SUPPLIED RECORDS
-.-.-

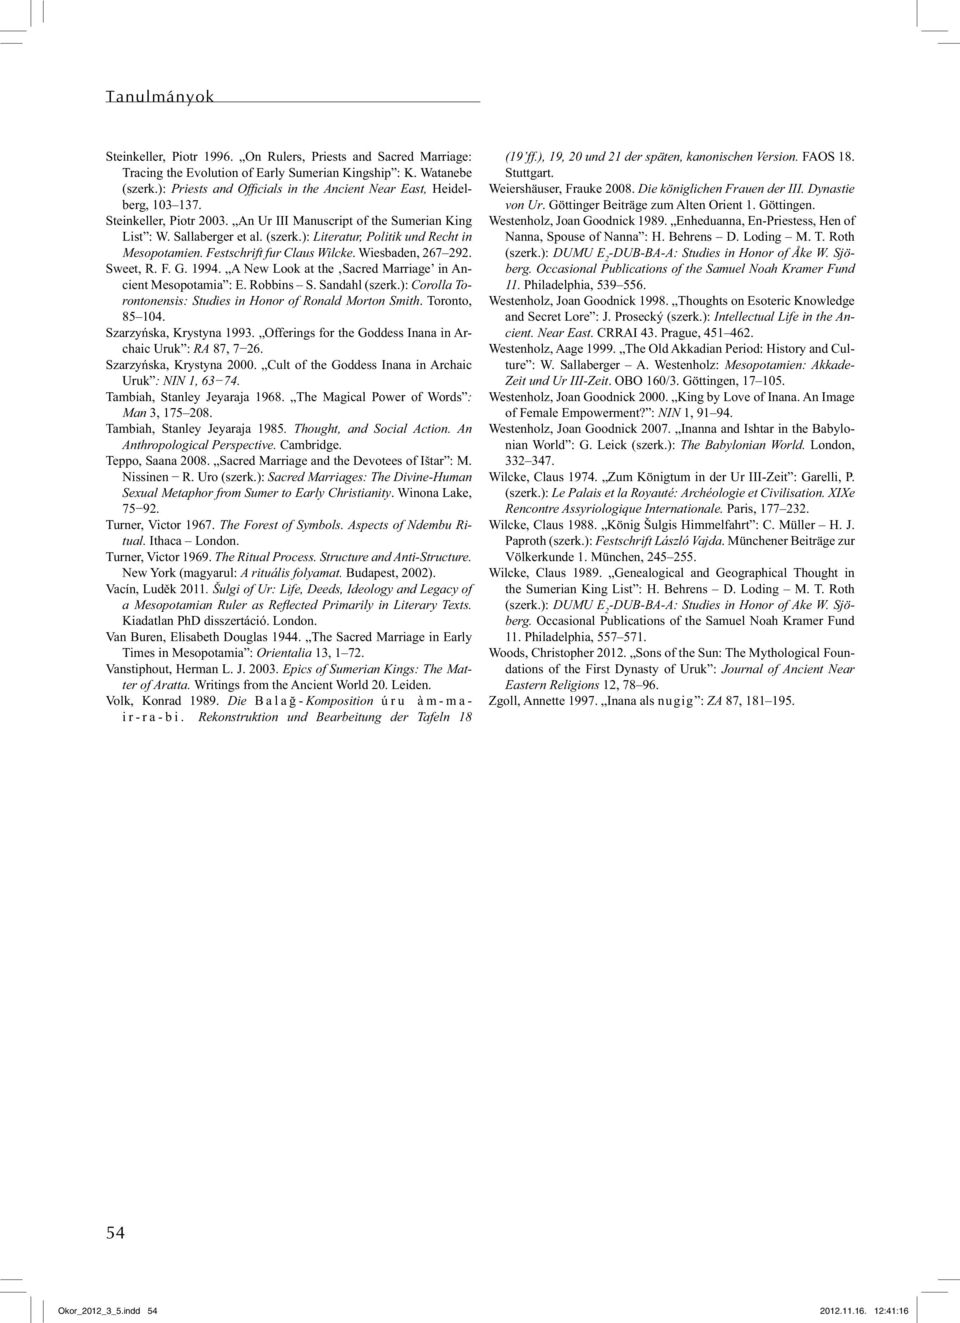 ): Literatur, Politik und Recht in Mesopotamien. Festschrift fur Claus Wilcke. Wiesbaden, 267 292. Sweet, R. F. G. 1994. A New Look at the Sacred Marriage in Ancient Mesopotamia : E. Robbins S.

-.-.-

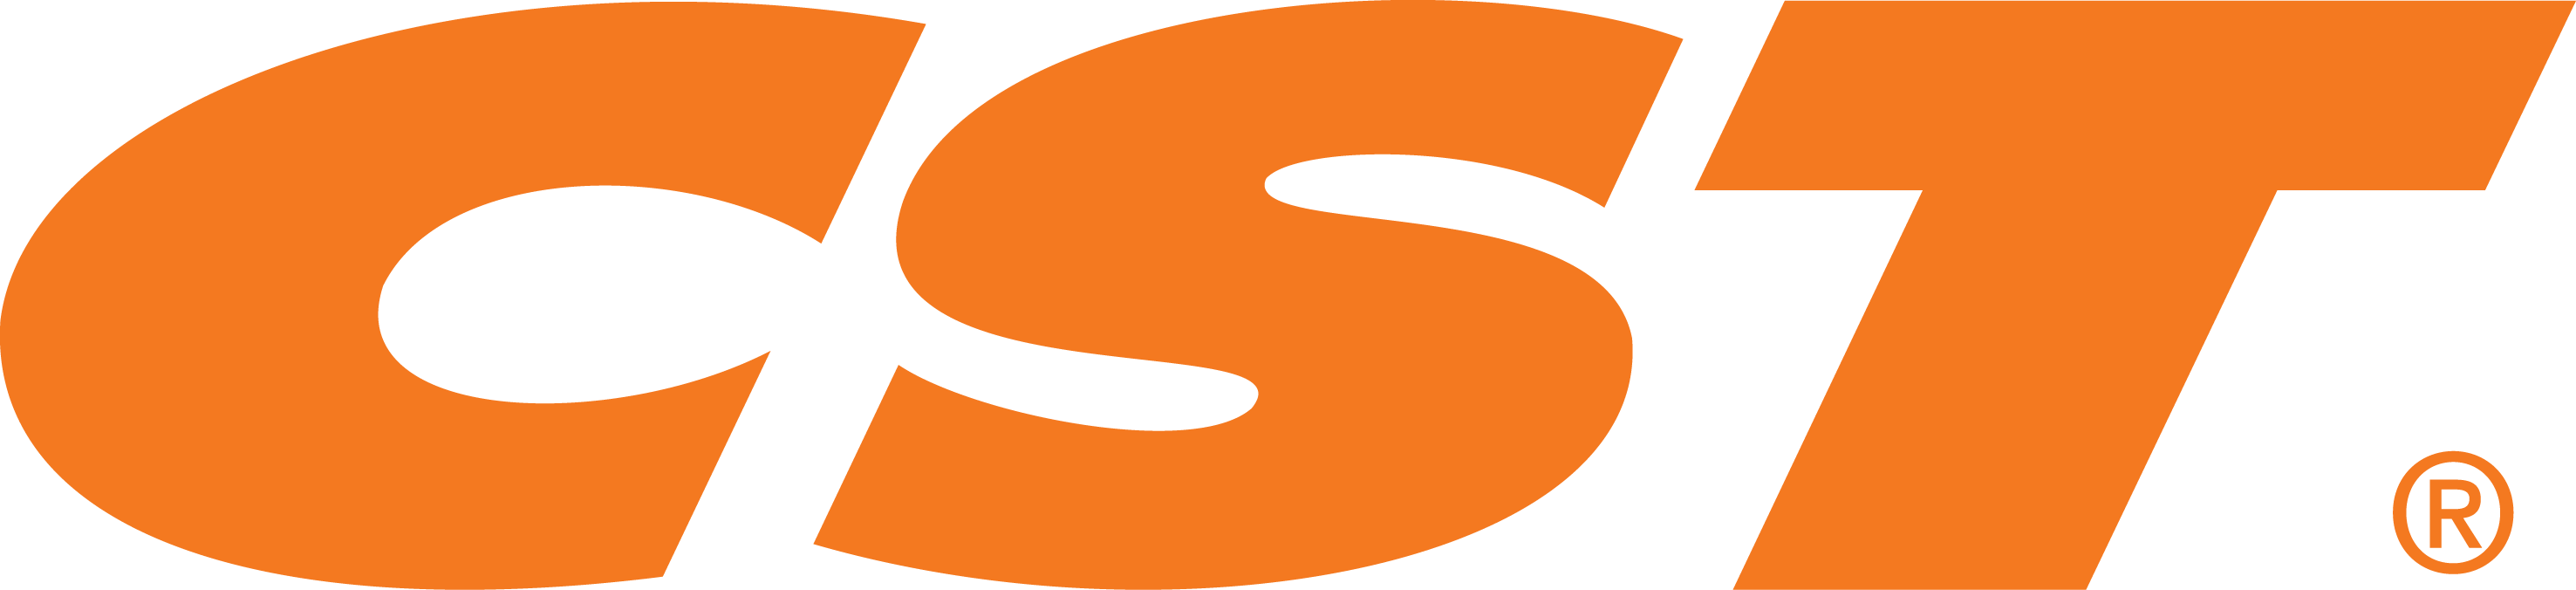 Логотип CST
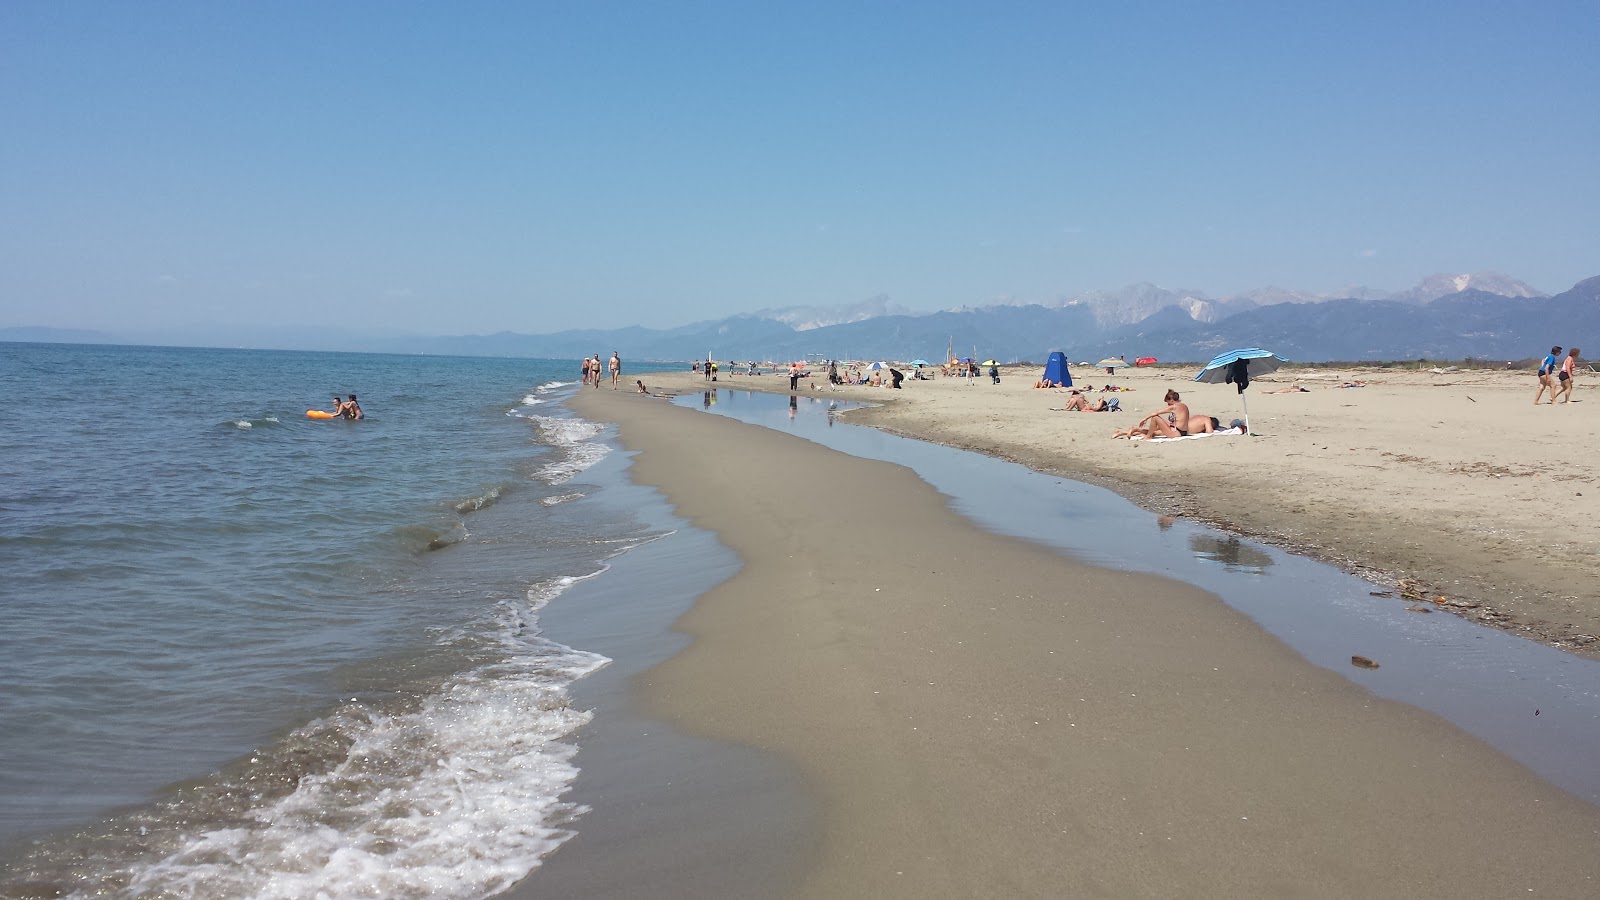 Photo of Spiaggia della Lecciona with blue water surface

-.-.-

Pictures excluded, give again exactly and only the lines of the material above from the line with "Логотип CST" through the line with "Photo of Spiaggia".

OUTPUT FOR THIS TASK
 Логотип CST
 Photo of Spiaggia della Lecciona with blue water surface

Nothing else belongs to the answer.